Matthew Moore in the Sydney Morning Herald last Saturday drew attention to the fact that successive NSW Attorneys General have failed to comply with a statutory requirement to undertake a review of the legislation that established the NSW Administrative Decisions Tribunal. A report on whether the legislation was achieving Parliament's objectives was required by law to be tabled in Parliament no later than July 2003. Almost 5 years later it is still to appear. Submissions were invited from members of the public in 2002. There has been no other opportunity since to express views about whether the Tribunal is providing speedy, independent merits review of decisions, without the legal trappings associated with court processes.
My view is that the Tribunal processes have progressively become more legalistic and there is a serious question whether in the Freedom of Information field in particular, this review model should be replaced by an information commissioner.
However the issue for the moment is what appears to be the attitude of the state's top law officer that a mandatory requirement to report to Parliament is optional. And this failure is not an isolated case.

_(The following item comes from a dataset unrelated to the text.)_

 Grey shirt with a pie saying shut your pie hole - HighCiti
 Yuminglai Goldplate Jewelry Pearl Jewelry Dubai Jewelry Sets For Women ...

The Attorney General has never produced a review of the Privacy and Personal Information Protection Act, which, according to the Act, was to be tabled in Parliament no later than November 2004.
Who knows how many other similar requirements may have been ignored by NSW ministers? A search of the statute book identifies 235 NSW acts that require the responsible minister to undertake a review five years after the act received assent, and to table the report within 12 months of the fifth anniversary of assent. In many instances these dates have now passed. It's impossible to tell from the Parliament's website what reports have been tabled and what is overdue
Does the NSW Parliament take any interest in what happens after these provisions are included in legislation, or do anything when ministers fail to comply?